Newbie question on split, and also awk.

Colin B. · May 16, 2006

Hey all;

After years of avoiding perl in favour of ksh+sed+awk+grep+etc., I'm
finally digging into it. So far everything I've mucked with, I've managed
to get working after a certain amount of self-abuse, with the exception of
two things.

1) I'm pulling data lists from the OS, and parsing them in perl.
The minimum required code to illustrate my problem is this:

$group = shift(@ARGV) || die;
@nislist = split(/[:,]/,`nismatch $group group.org_dir`);
chomp @nislist;
print scalar @nislist, "\n";

And the data for two different groups is:
group1:*:109:
group2:*:20:user1

The problem is that despite reading that split will discard blank trailing
fields, I get four fields from BOTH of the above groups. There are no
spaces at the end of the first group, so I'm assuming that the fourth field
in group1 is a newline. That also leads me to believe that chomp $str where
$str="\n" results in $str="", but not $str=<undef>. Is this correct?

So I came up with a workaround:

my $nislist = `nismatch $group group.org_dir`;
chomp $nislist;
@nislist = split(/[:,]/,$nislist);

Is there anything less ugly than this? I would have liked to do something
like:
chomp (@nislist = split...);

but it complains and doesn't work.

Thanks,
Colin

A. Sinan Unur · May 16, 2006

Re: Newbie question on split, and also awk.

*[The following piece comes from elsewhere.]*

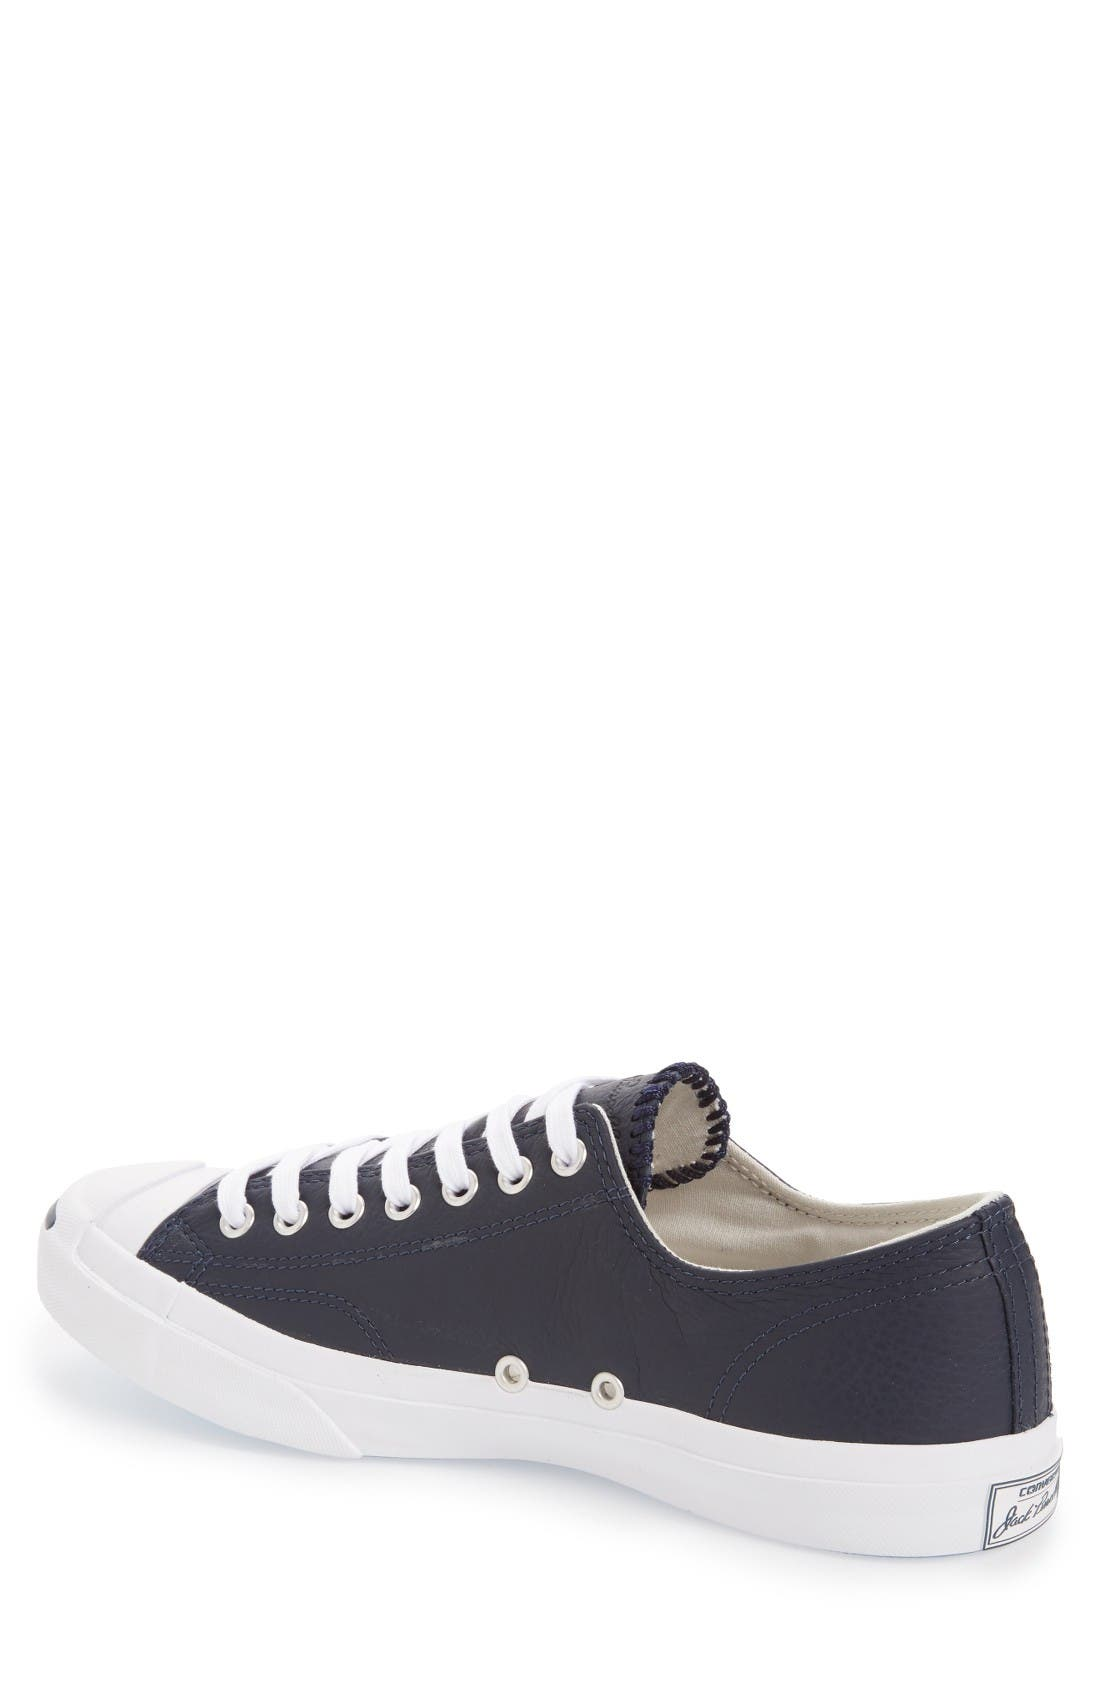 Alternate Image 2  - Converse 'JP Jack' Sneaker (Men)

Please read the posting guidelines for this group. Also, I do not see what
awk has to do with Perl or what your post has to do with awk.

use strict;
use warnings;

missing.

$group = shift(@ARGV) || die;
@nislist = split(/[:,]/,`nismatch $group group.org_dir`);
chomp @nislist;
print scalar @nislist, "\n";

And the data for two different groups is:
group1:*:109:
group2:*:20:user1

The problem is that despite reading that split will discard blank
trailing fields, I get four fields from BOTH of the above groups.

I don't get that.

Of course, I do not have a program called nismatch on my computer.

#!/usr/bin/perl

use strict;
use warnings;

while ( my $nismatch = <DATA> ) {
chomp $nismatch;
my @nislist = split /[:,]/, $nismatch;
local $" = ' + ';
print "@nislist\n";
}

__DATA__
group1:*:109:
group2:*:20:user1

Sinan

--
A. Sinan Unur <[email protected]>
(remove .invalid and reverse each component for email address)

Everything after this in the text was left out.